Before the Merge, issuance was stable at 2 ETH a block, resulting in annual inflation of supply of around 4.2%, the report said. Following the Merge, proof-of-work (PoW) issuance stopped, leaving only staking yield issuance, which is partly offset by burning – or removing from circulation – the fees.
The Merge was the first of five upgrades planned for the blockchain and involved the shift from PoW to a more energy-efficient PoS consensus mechanism.
“Ether looks like it could be moving towards a deflationary future as it exhibits periods of deflation amidst low network activity,” analysts led by Joseph Ayoub wrote. As activity rises it could maintain a deflationary supply having “already shown deflationary tendencies post-Merge in a low-burn environment.”
Citi says the switch to PoS has removed about 564,000 ETH from circulation in the six weeks since the Merge, compared with if PoW issuance was still occurring. In U.S. dollar terms this represents about $870 million. Annualized, it equates to a reduction of about $7.7 billion in active ETH supply following the transition to PoS.
Recent moves in the price of ether look to be driven by derivatives markets. Open interest has risen to the highest levels since April, when the cryptocurrency was trading at around $3,000, the note said. “This marks one of the largest divergences between price and open interest over the last [three] years,” and indicates further volatility is likely, according to the note.

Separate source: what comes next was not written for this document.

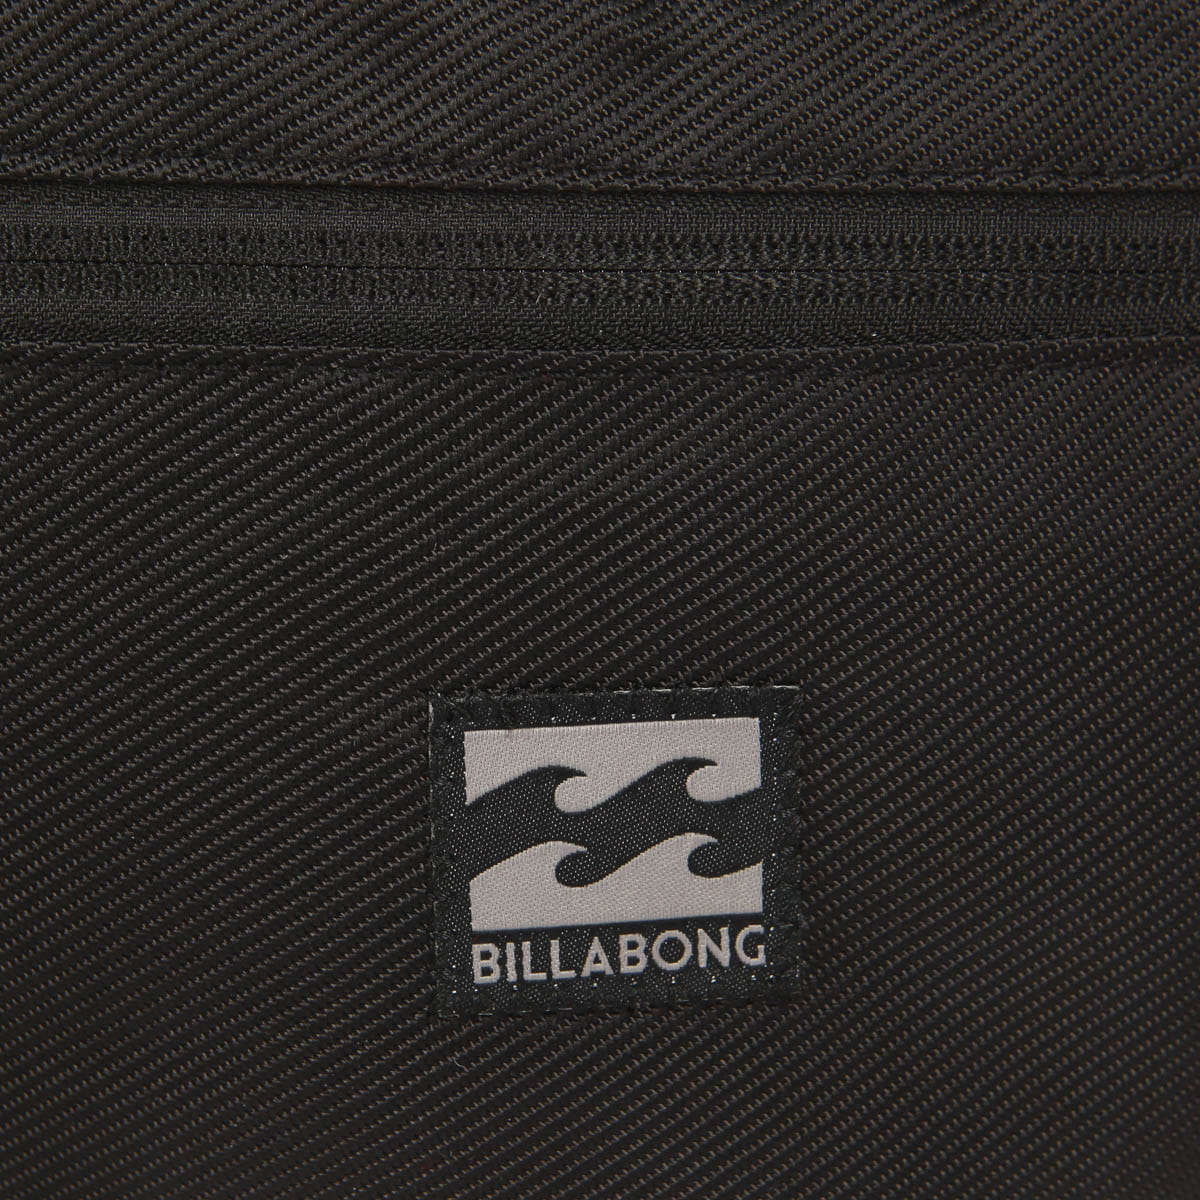 Сумка поясная Billabong. Billabong сумка мужская. Billabong Bali Waistpack. Java сумка. Accesssale140422 element

The bank says this indicates a high amount of leverage in the derivatives market, “which may be the tail wagging the ‘spot-price’ dog.” Ether 30-day historical volatility reached record lows following the success of the Merge upgrade, but is rising following the cryptocurrency’s breakout from its recent trading range, the bank added.
Open interest reflects the total number of derivative contracts held by investors in active positions.